В каких-то паре сотен метров отсюда можно обозреть всю бронированную мощь врага, как на ладони. Если Фюрер захлопнет крышку, то им настанет полный капец!

Встряхиваю головой так, словно этим могу выбросить из черепушки свои скачущие мысли.

Ну а теперь подумаем серьезно: Что мы должны будем делать, если враг начнет здесь свое продвижение?

Может быть: Как только стемнеет…

А нам еще нужны дрова!

Кажется, горит весь Blois, а вместе с ним и дрова для нашего котла, в которых мы безотлагательно нуждаемся.

Как же быть дальше? Пересесть ли, например, в другую машину, которая имеет канистру принайтованную к кузову? Это конечно было бы неплохой возможностью – но так не пойдет! Надо следовать старому правилу моряка: Корабль не покидают до тех пор, пока он наплаву. И, кроме того: Кто предоставил бы нам здесь добровольно место в своем транспорте?

Эта чертова проблема дров! Всегда появляется проблема какого-либо недостатка, которая портит настроение. Трижды проклятая проблема шин – а теперь еще и проблема дров.

Если бы мы, все же, порубили те изгороди!

Отправляюсь в обратный путь к «ковчегу». А может быть, все же, повернуть лучше назад и найти объездную дорогу подальше к югу? Но двигаться в одиночку – было бы слишком рискованно. А если с группой на все готовых людей?
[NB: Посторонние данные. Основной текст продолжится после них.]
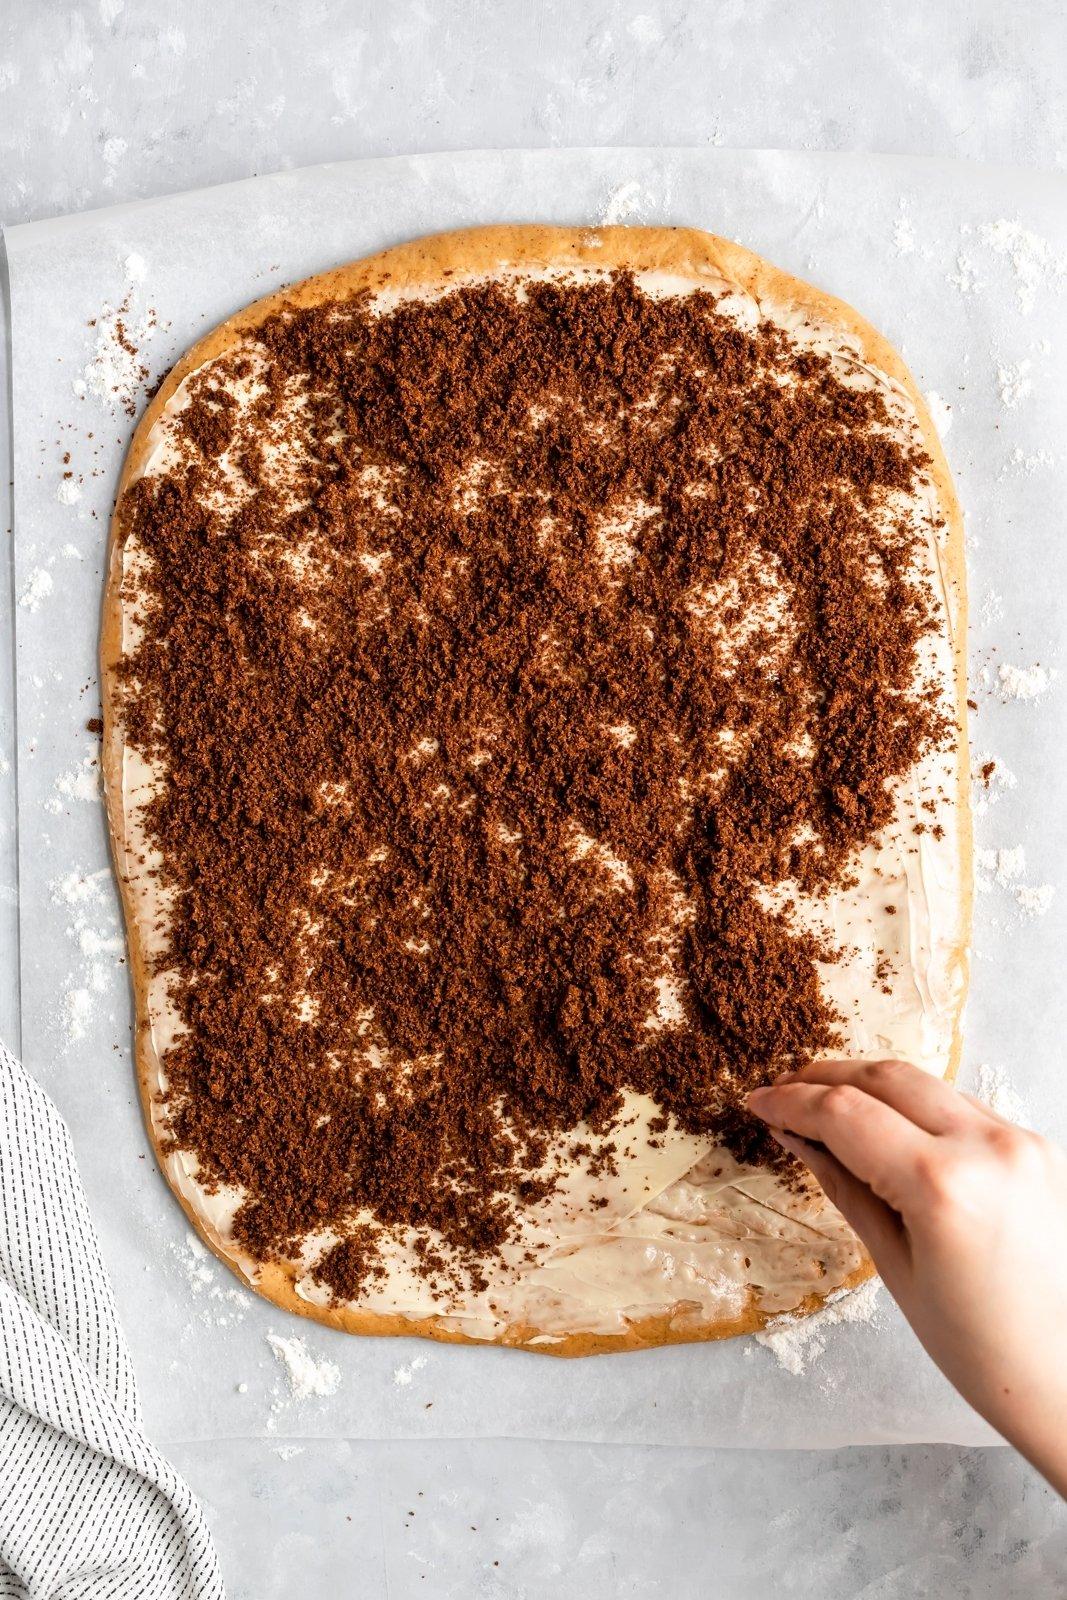 brown sugar being sprinkled on pumpkin cinnamon roll dough

Когда снова оказываюсь в песчаной яме карьера, держу военный совет с двумя, а затем тремя другими водителями. Наша «боевая мощь», полагают они, слишком незначительна. Лучше на этой, пока еще наполовину безопасной дороге, остаться и подождать ночи.
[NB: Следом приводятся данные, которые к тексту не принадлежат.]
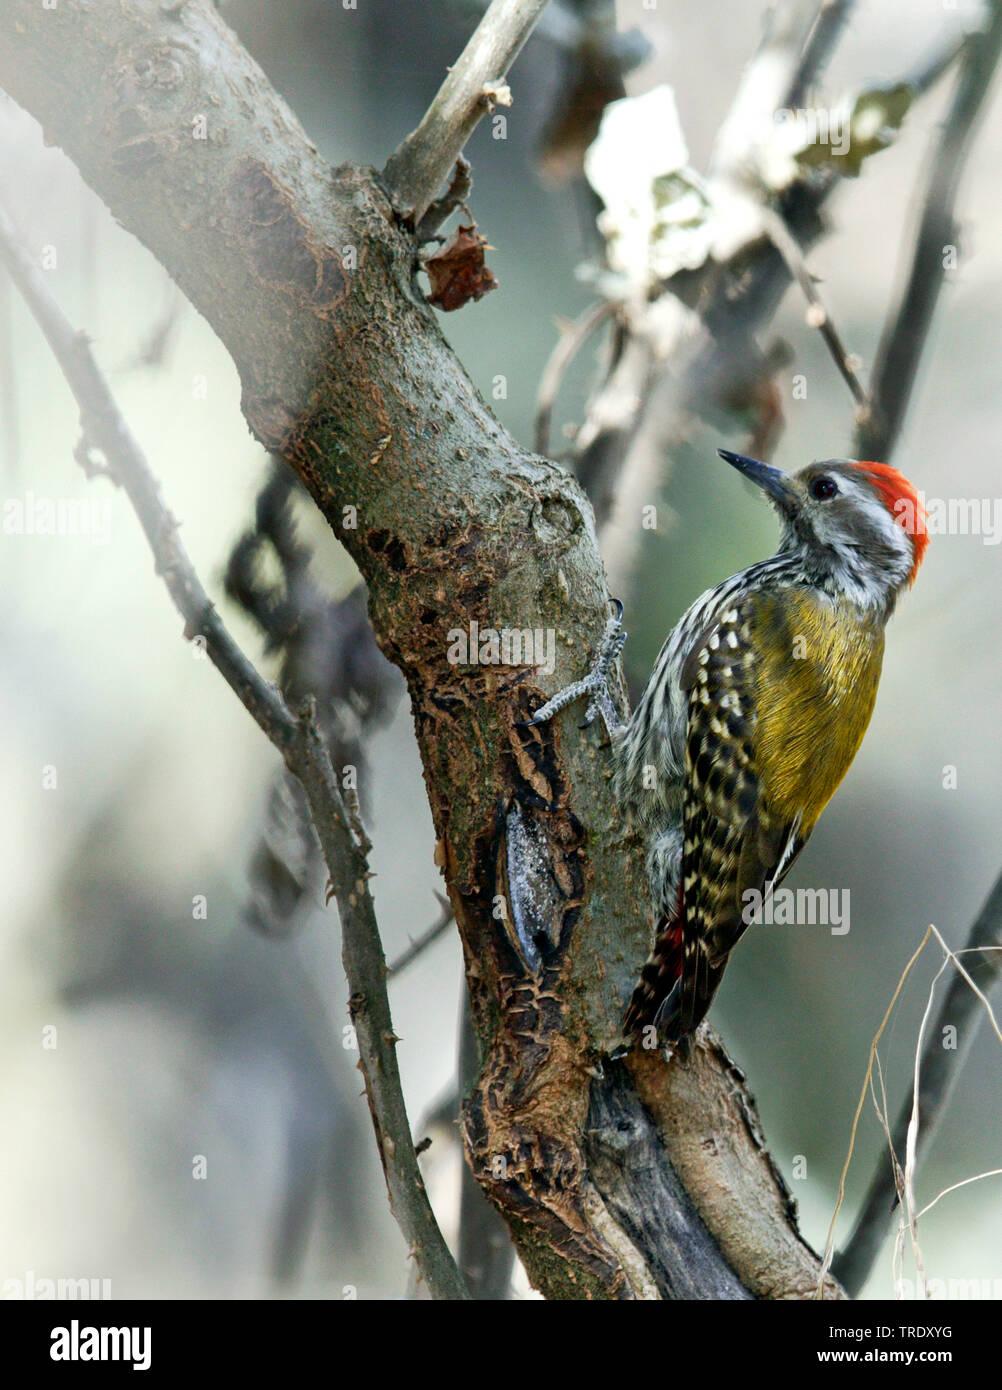 Wacholderspecht, Wacholder-Specht (Dendropicos abyssinicus), Maennchen sitzt auf einem Ast, Aethiopien   golden-mantled woodpecker (Dendropicos abyssi - Stock Image

Именно то, что я и думал: Никто не хочет рисковать своей задницей..

Слышу, как прибывает еще одно транспортное средство, и вижу, как оно поворачивает в низину к нашей яме. Знамена пыли взмываются ввысь.

– Проклятые сволочи! – сыпет проклятия какой-то унтер-офицер. Раздаются и другие недовольные голоса:

– Этот скот доже не видит куда прет!

И:

– Он себя, наверное, свиным хвостом возомнил – вертит куда и как хочет!

Этот транспорт – большой грузовик четвертьтонка – оснащенный как для экспедиции в пустынную Сахару: Лопаты и мотки колючей проволоки надежно примотаны к бортам. А внутри сидят два генерала и два полковника.

Сразу два генерала, как такое может быть?

Бартль вовсе не интересуется новоприбывшими. Он сидит рядом с «кучером» в «ковчеге» и болтает без умолку: Парень вовсе не производит вид усталого до чертиков человека.

– … погодка была та еще, типичная погода для обычных джонок…

Спрашиваю себя, насколько наш «кучер» понимает, о чем идет речь. Бартлю надо было бы травить свои байки тоном сказочника.

– Волны были высотой с дом. Мы носились вокруг как играющие со смертью каскадеры в огромном сетчатом шаре – «Шаре смерти». Не знаешь что это такое? Ну, так слушай: Несколько каскадёров-мотоциклистов носятся на скорости 80 километров в час внутри стального проволочного шара или цилиндра, что в принципе один черт. Геометрически выверенные траектории и точное соблюдение заданной скорости – необходимейшие условия номера, погрешность в несколько сантиметров, пролитая капля масла, а также чуть пережатая или наоборот – недожатая – ручка газа могут повлечь за собой тяжелейшую аварию. Они едут практически по вертикальной стене, таким образом, как ты взбалтываешь ром в большом стакане – всегда по кругу. Это трюк с центробежной силой. Если двигатель заглохнет, то тогда падение вниз, пару раз перевернутся в воздухе и все – пипец!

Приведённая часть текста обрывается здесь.